#### DATA SECTION
+ + + + +
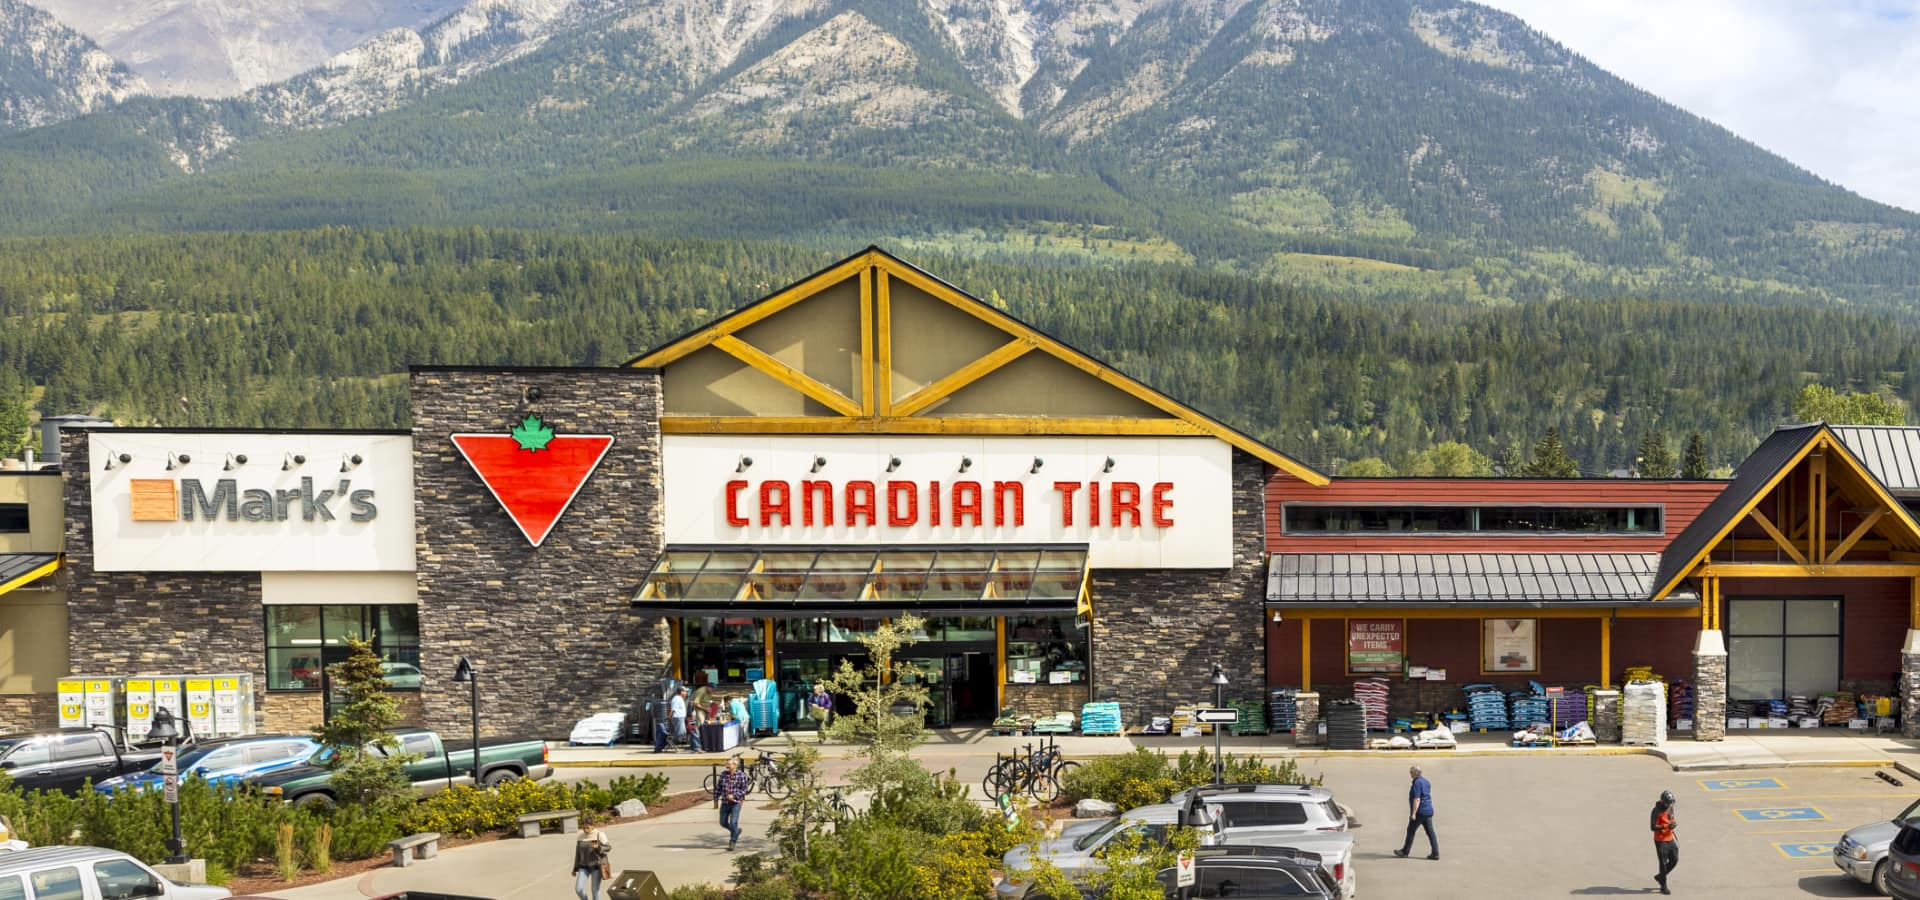 Un magasin Canadian Tire et un magasin Mark’s côte à côte dans le paysage montagneux de Canmore, en Alberta.
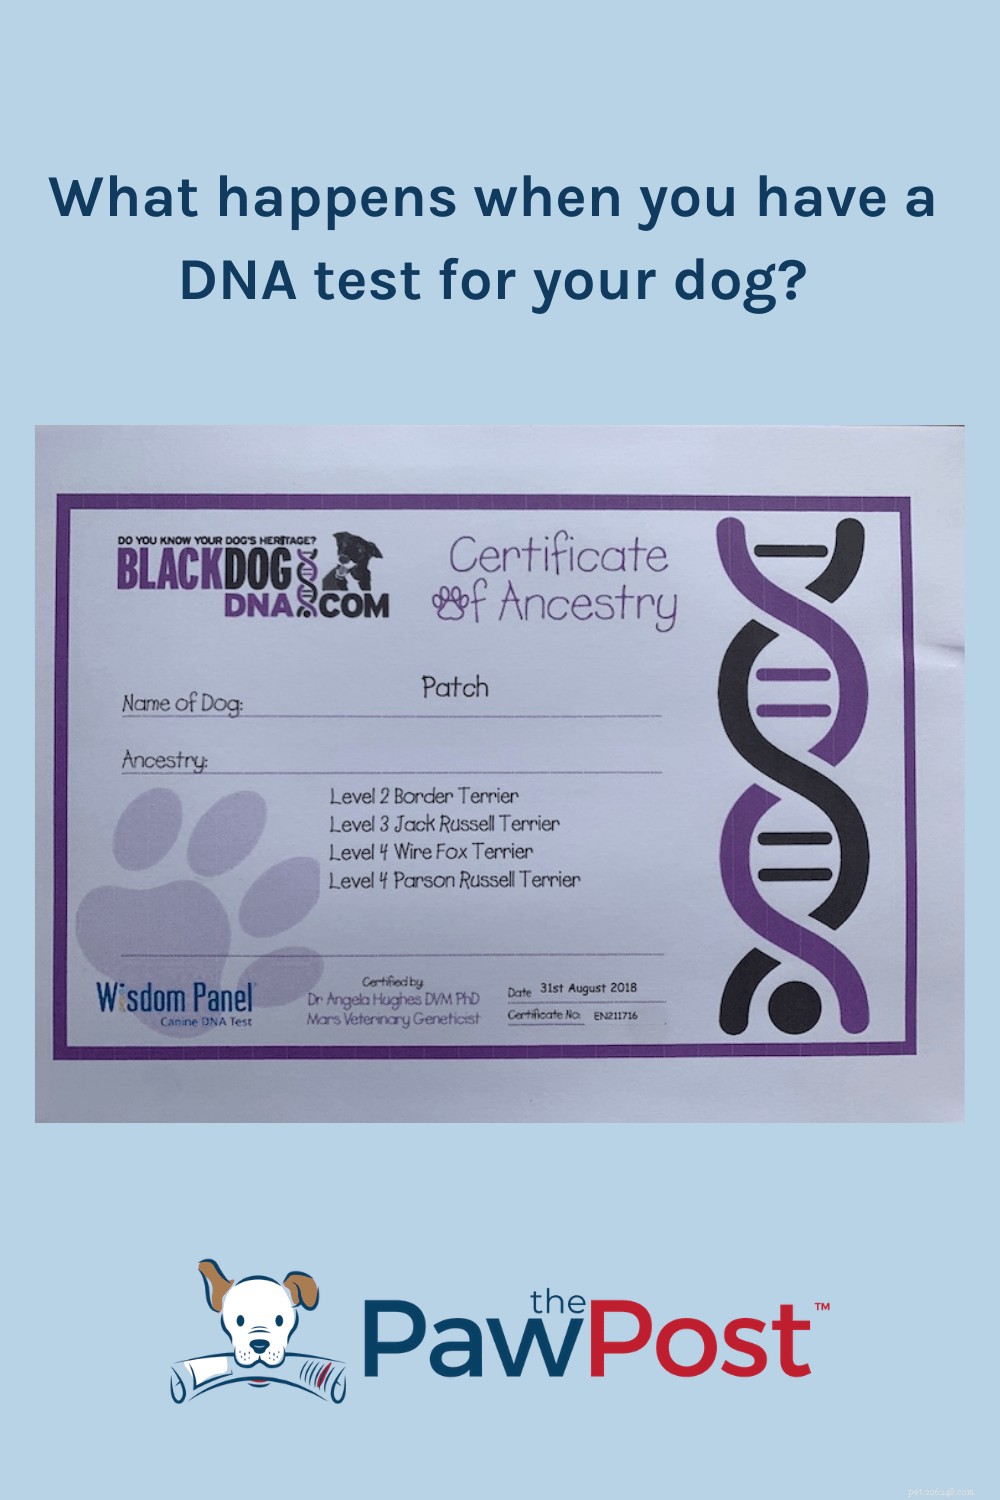 강아지의 DNA 검사를 받으면 어떻게 됩니까
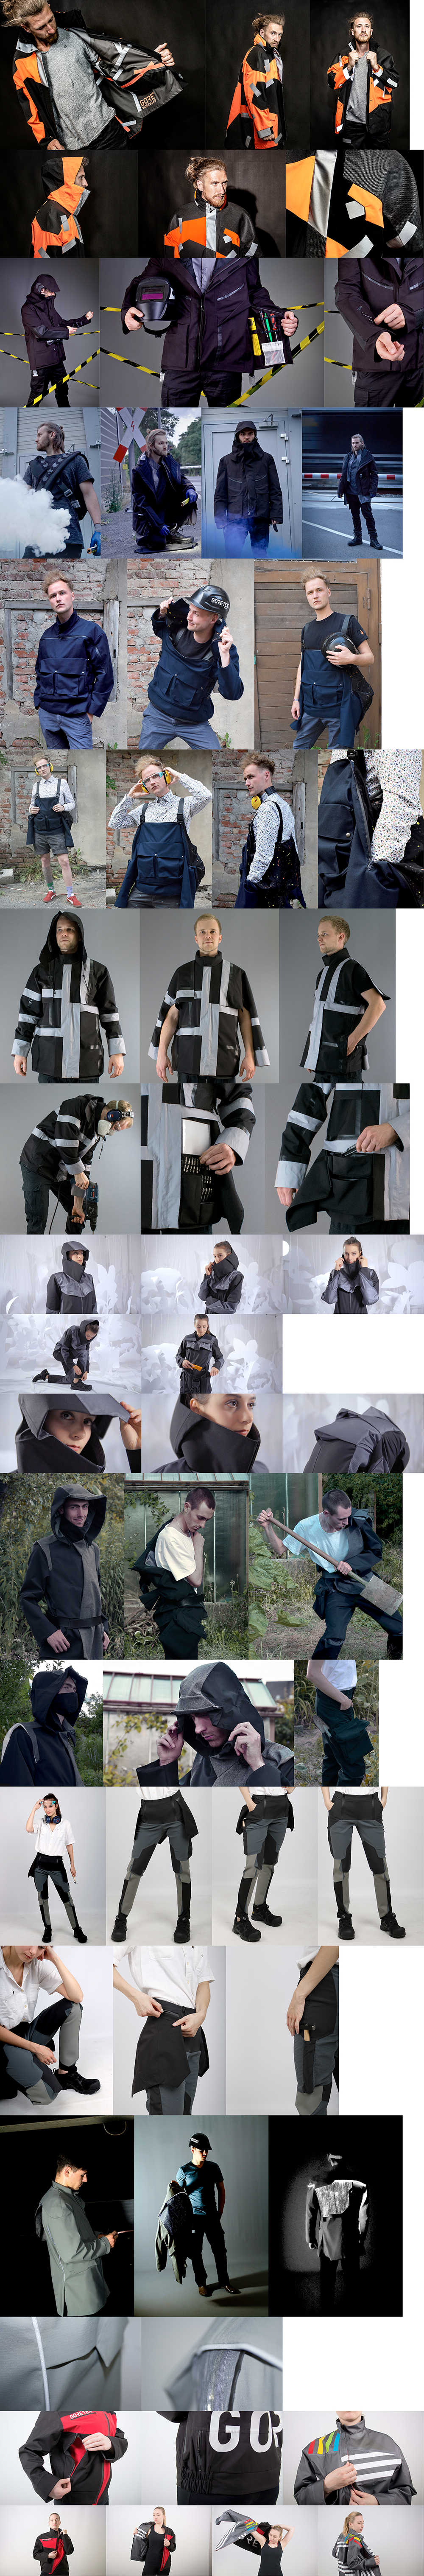 Fotobanner: Zum Thema: Gore - Future Workwear. Models präsentieren die Kollektionen.
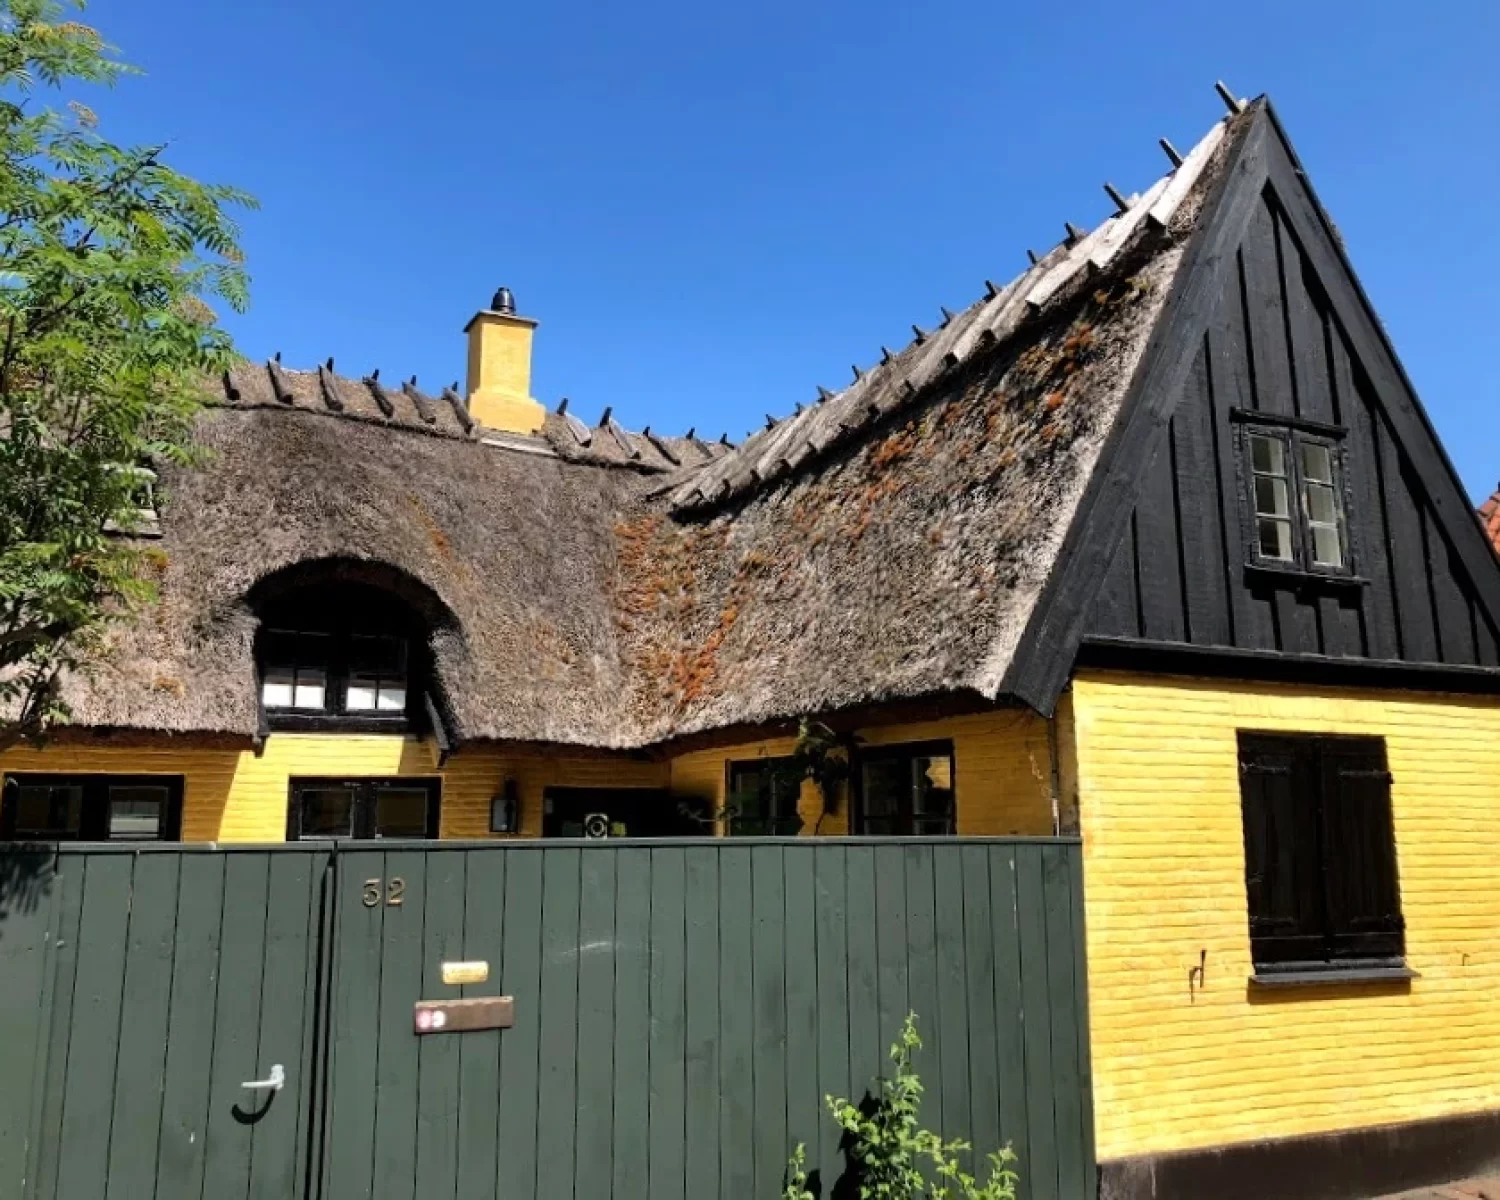 Casa típica amarilla y de madera del pueblo costero de Dragør
+ + + + +
#### ACTION ITEM
Reproduce every line of the data above, exactly as it stands, but not the pictures.

#### RESPONSE TO THE TASK
 Un magasin Canadian Tire et un magasin Mark’s côte à côte dans le paysage montagneux de Canmore, en Alberta.
 강아지의 DNA 검사를 받으면 어떻게 됩니까
 Fotobanner: Zum Thema: Gore - Future Workwear. Models präsentieren die Kollektionen.
 Casa típica amarilla y de madera del pueblo costero de Dragør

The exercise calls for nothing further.